The main forces experienced by the vehicle are: aerodynamic drag, rolling resistance and acceleration resistance. Aerodynamic drag $\left(F_d\right)$ is the component of the force exerted by the air on the vehicle that is parallel and opposite to the direction of motion. Rolling resistance $\left(F_r\right)$ is the force resisting the motion when a body rolls on a surface. Finally, acceleration resistance $\left(F_a\right)$ can be defined as the proportion of inertia forces in the overall road resistance. Therefore, the vehicle road-load force $\left(F_t\right)$ is

$$F_t=F_d+F_r+F_a$$

(14)

The forces expressed above are not quite simple to compute. For this reason the Environmental Protection Agency (EPA) in the United Stated has conducted a series of experiments to express Equation (14) in terms of coefficients depending on the vehicle itself and its velocity [26,27]. Thus the vehicle road-load force can be expressed as

$$F_t=A+B\mathrm{v}+C{\mathrm{v}}^2$$

(15)

where v is the vehicle speed in m/s; and the A, B, and C coefficients are determined from the EPA testings for each vehicle. Typically, coefficient A correlates to the rolling resistance, C to the aerodynamic drag, and B to the rotational losses.

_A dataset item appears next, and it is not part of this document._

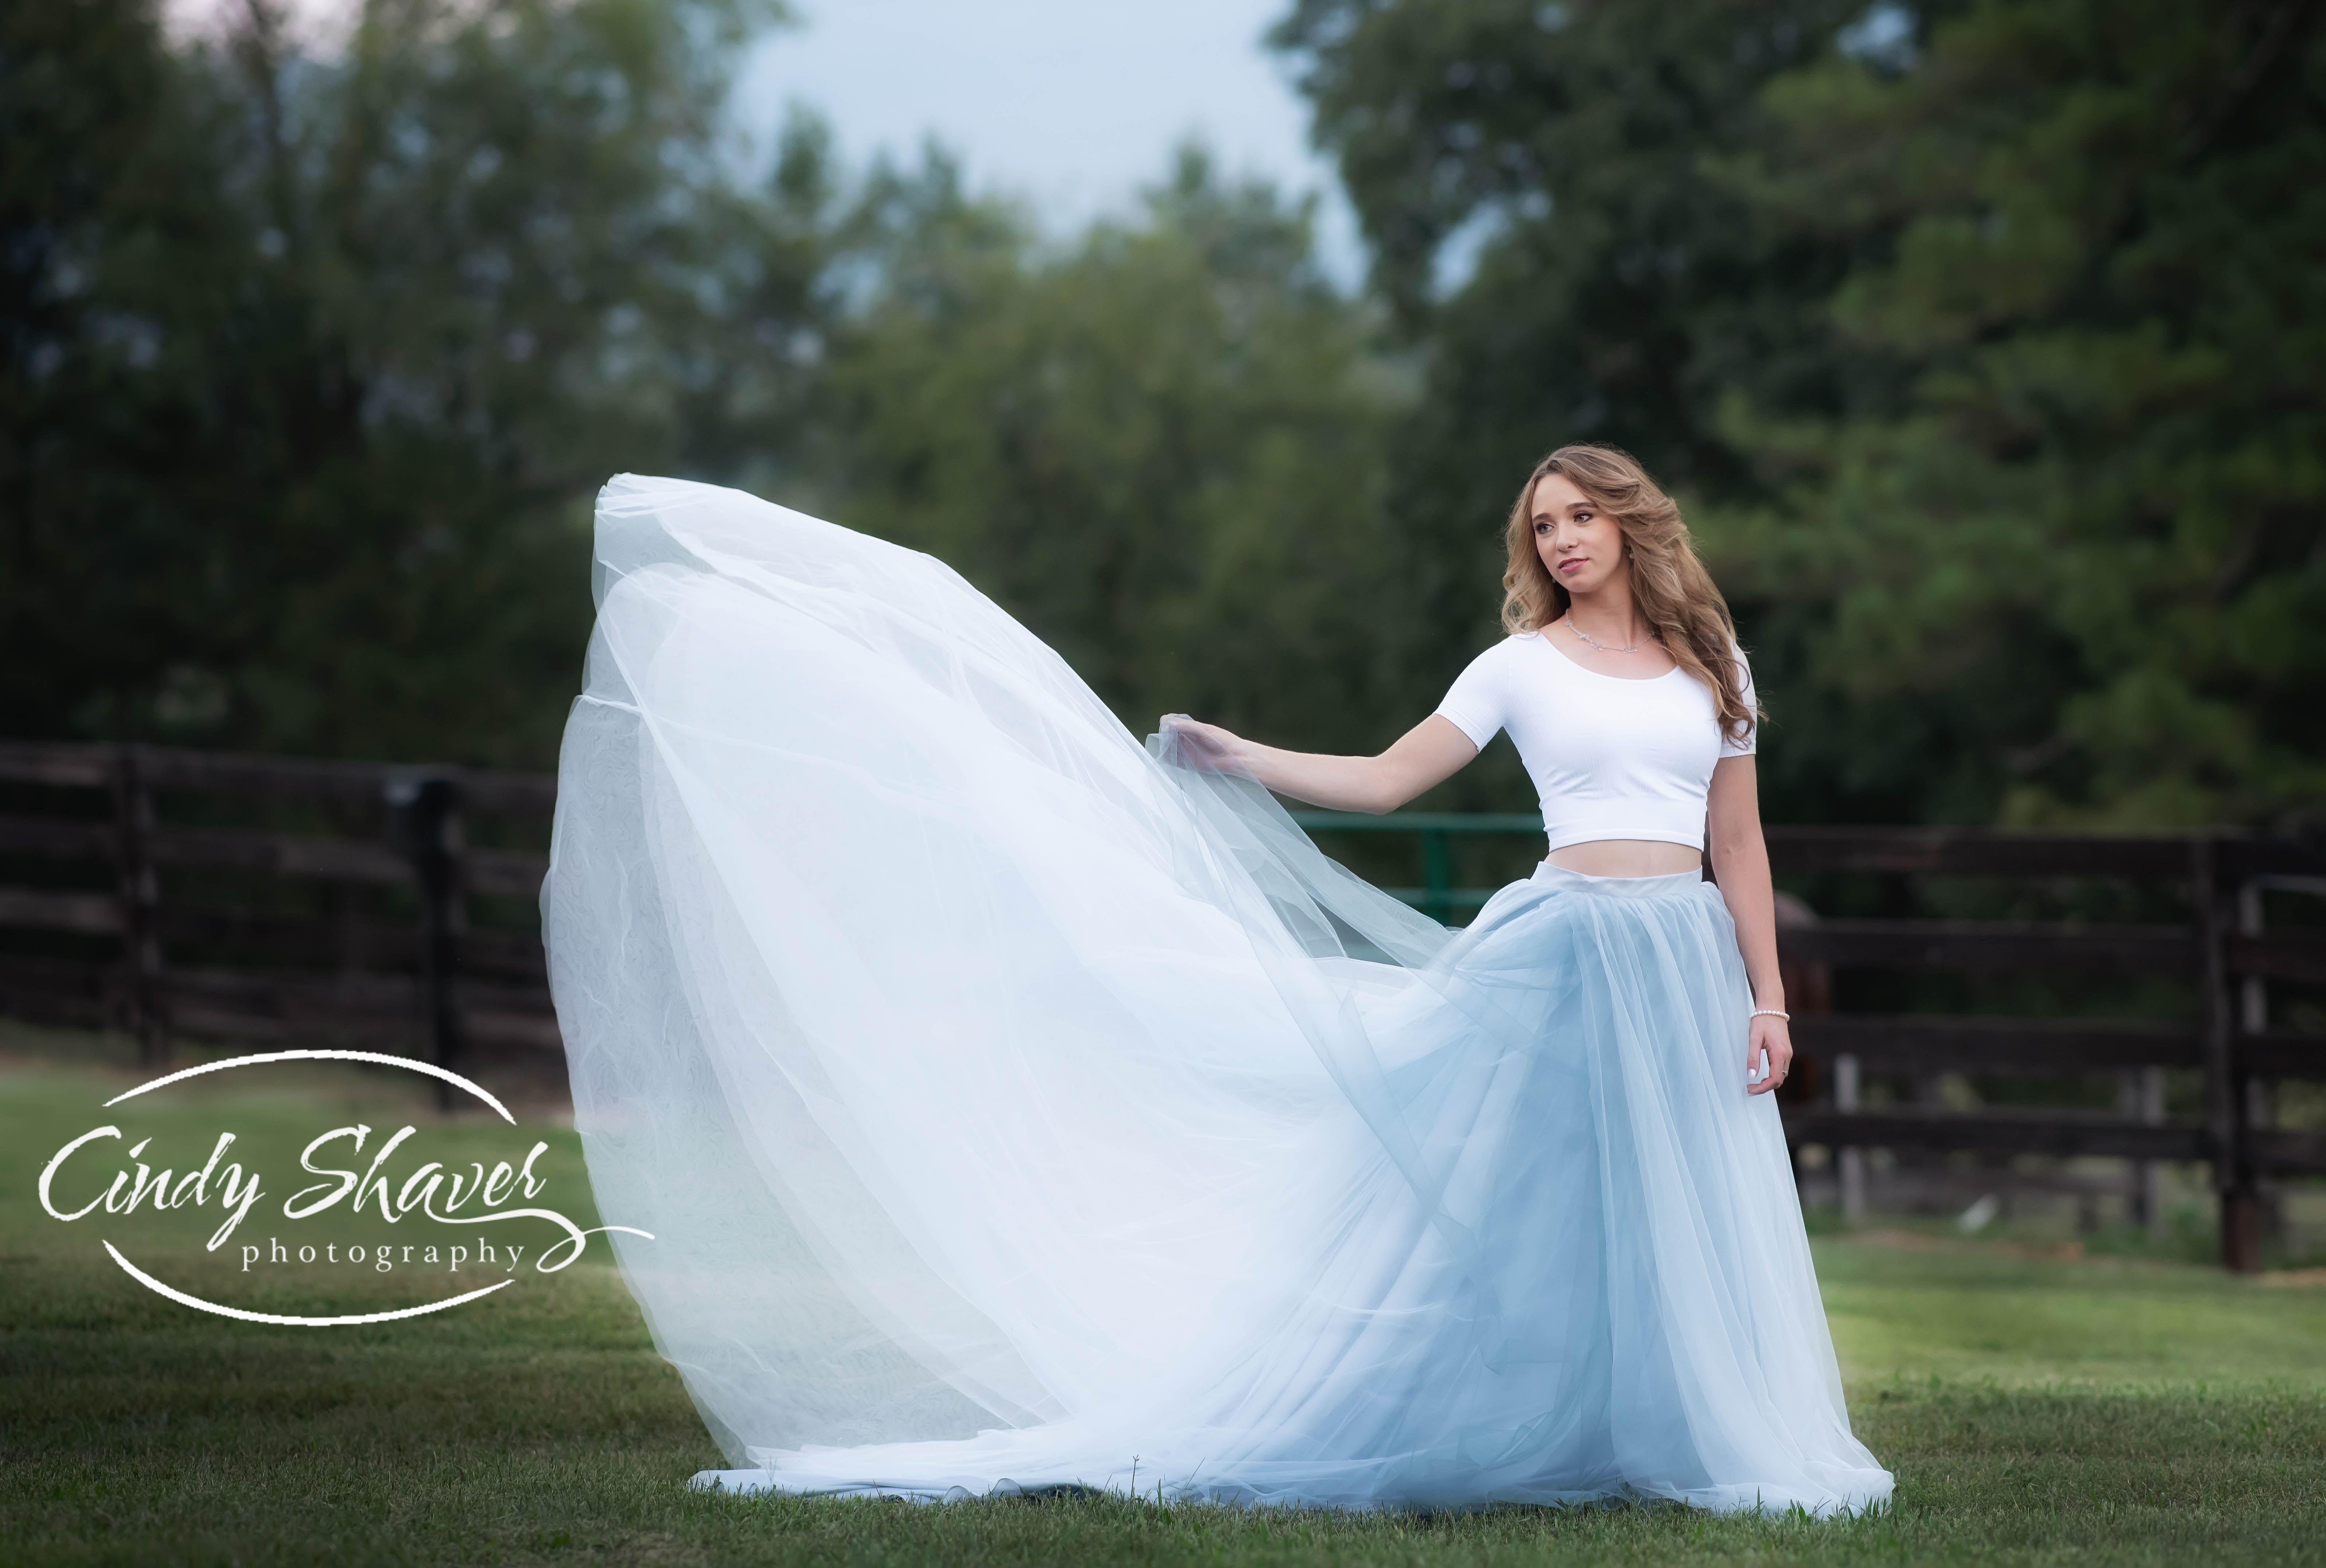 Wedding dress huntsville al  Senior girl long tulle skirt outdoor senior pictures  Alabama
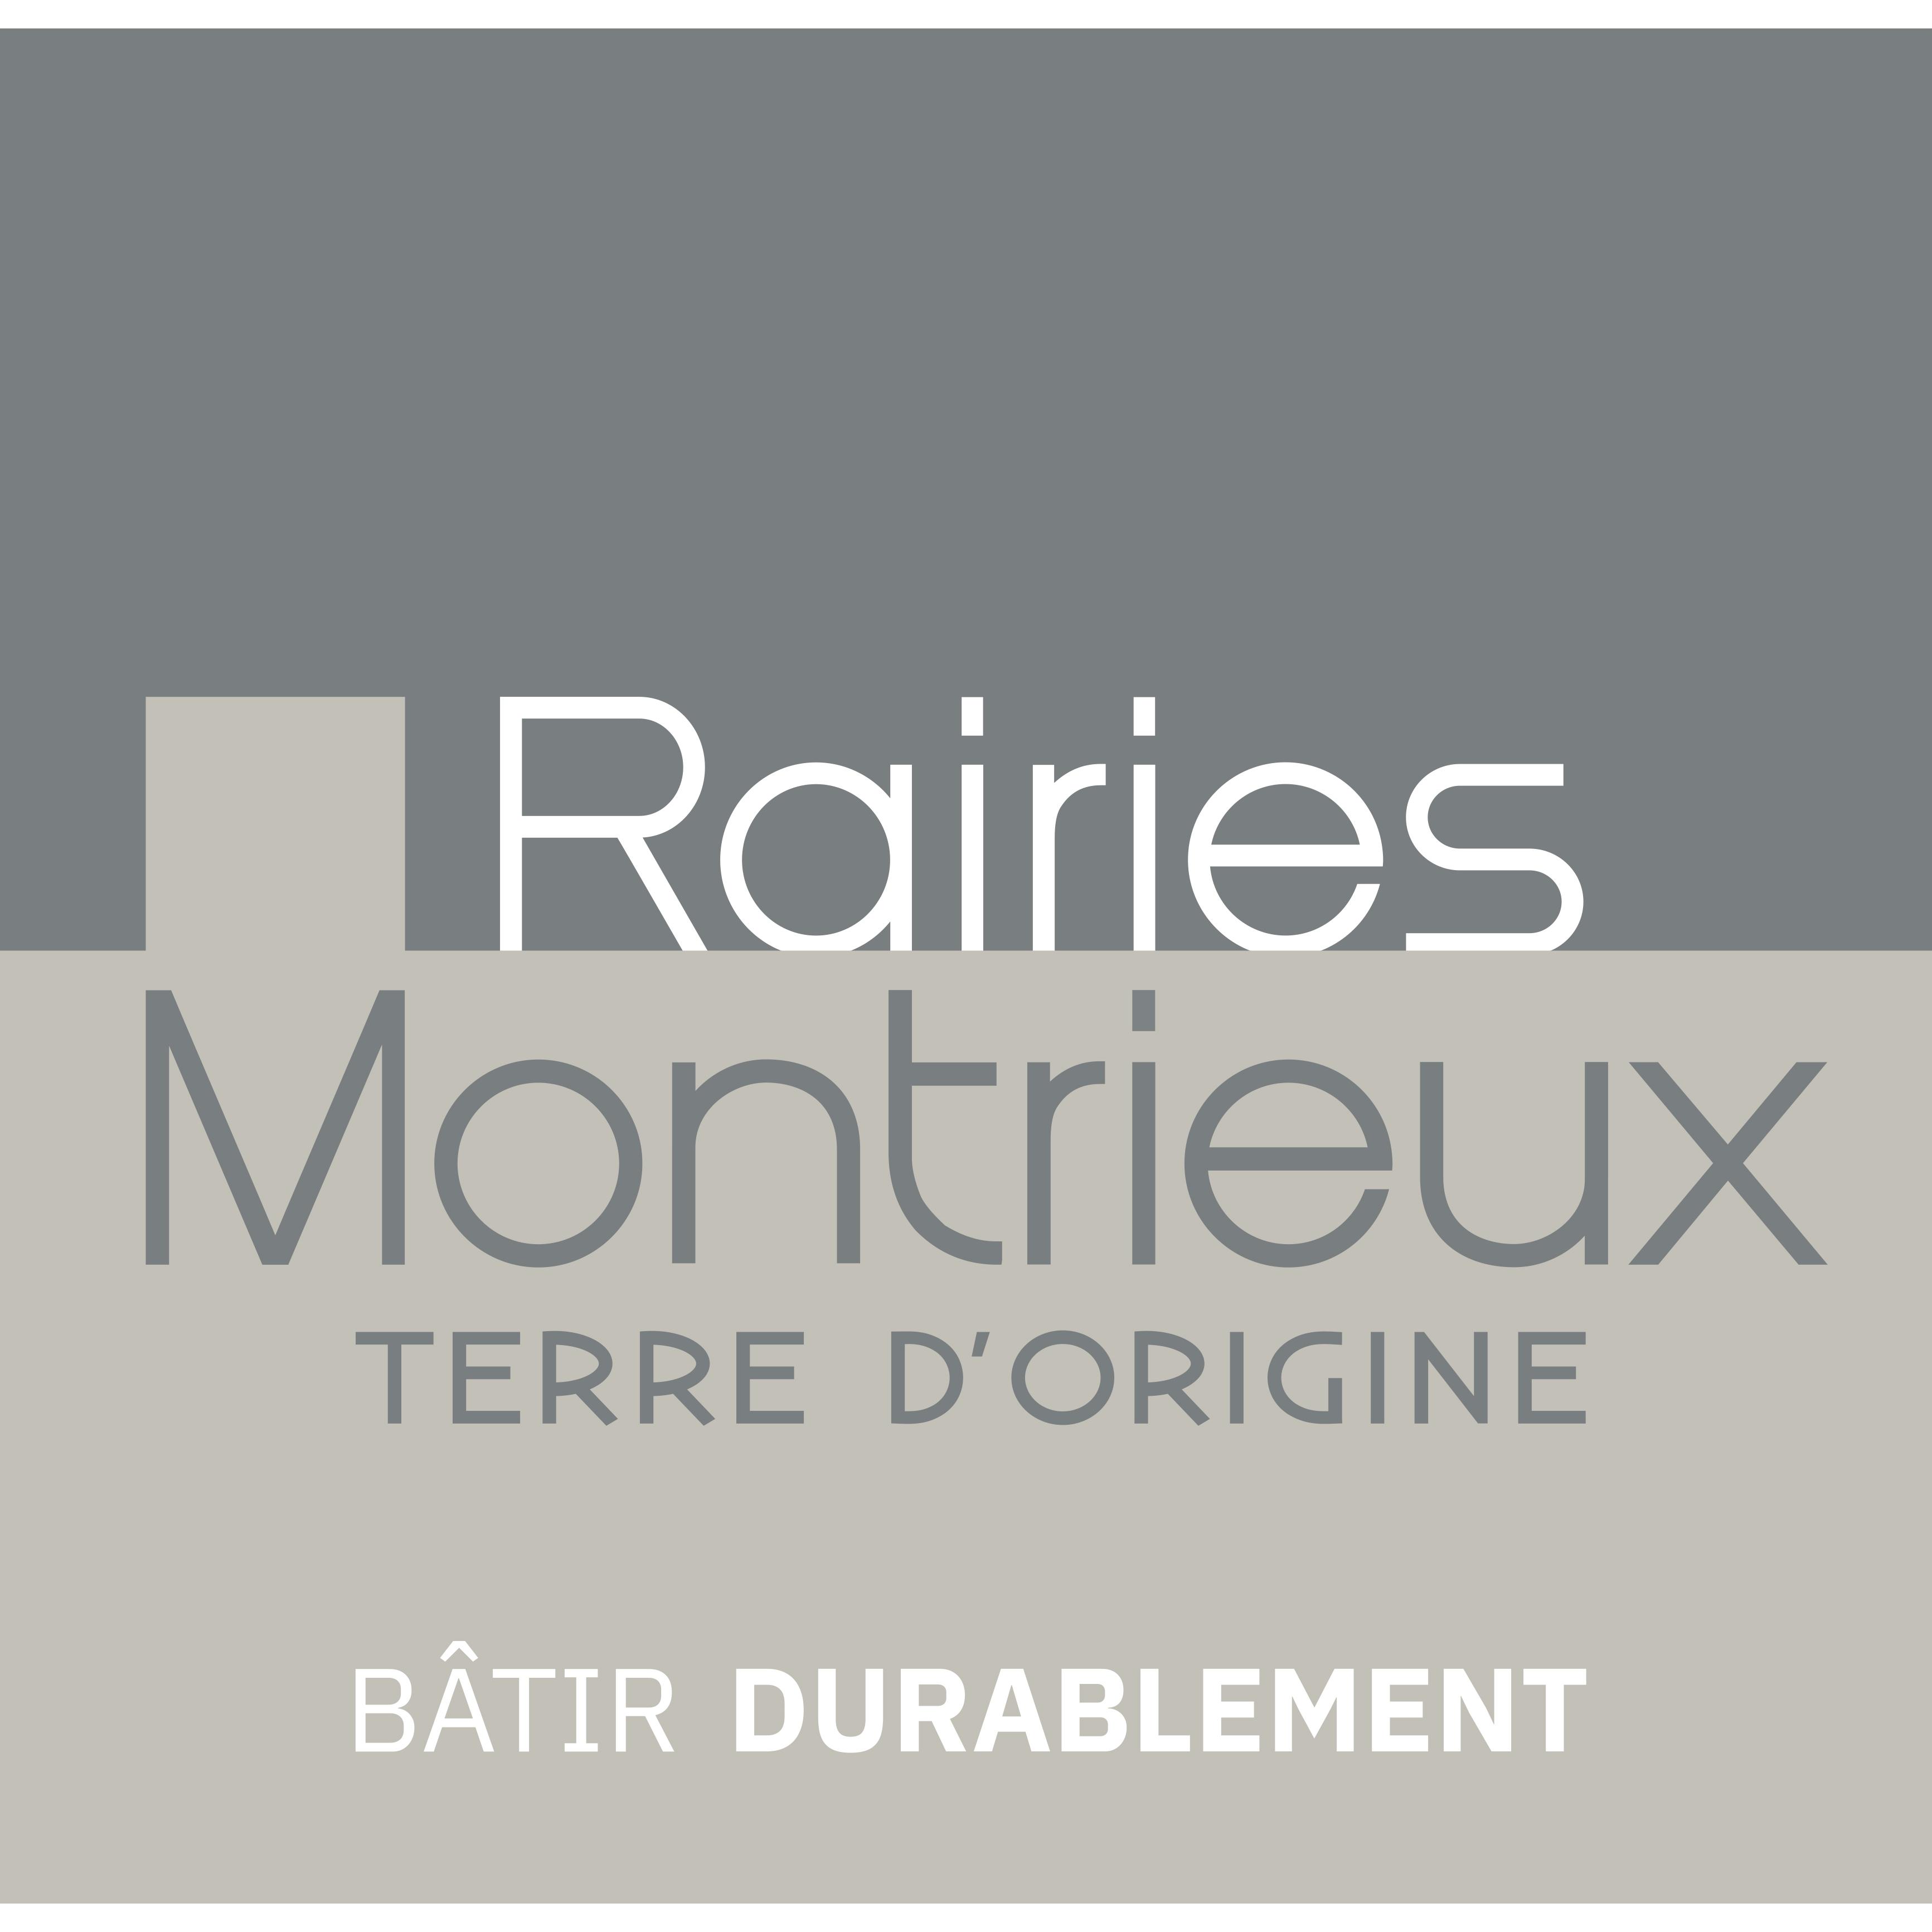 Rairies Montrieux

In order to move the vehicle, according to Newton’s law $\sum F=md\mathrm{v}/dt$. Hence, the traction force delivered by the vehicle is by calculated by

$$F_m=ma+F_t$$

(16)

where m is the total wight of the vehicle, and a its acceleration.

Vehicle Load Torque

The rotational equivalent of force is torque. Both quantities are related through the radius r of the wheels and the gears ratio g. Considering the traction force giving by Equation (15) and the vehicles force by Equation (16), the vehicle load toque is

$$T_l=\left(\frac{r}{g}\right)\left[A+B\mathrm{v}+C{\mathrm{v}}^2+ma\right]$$

(17)

Note that the load torque is equal to the required torque $T_{req}$ at the drivetrain.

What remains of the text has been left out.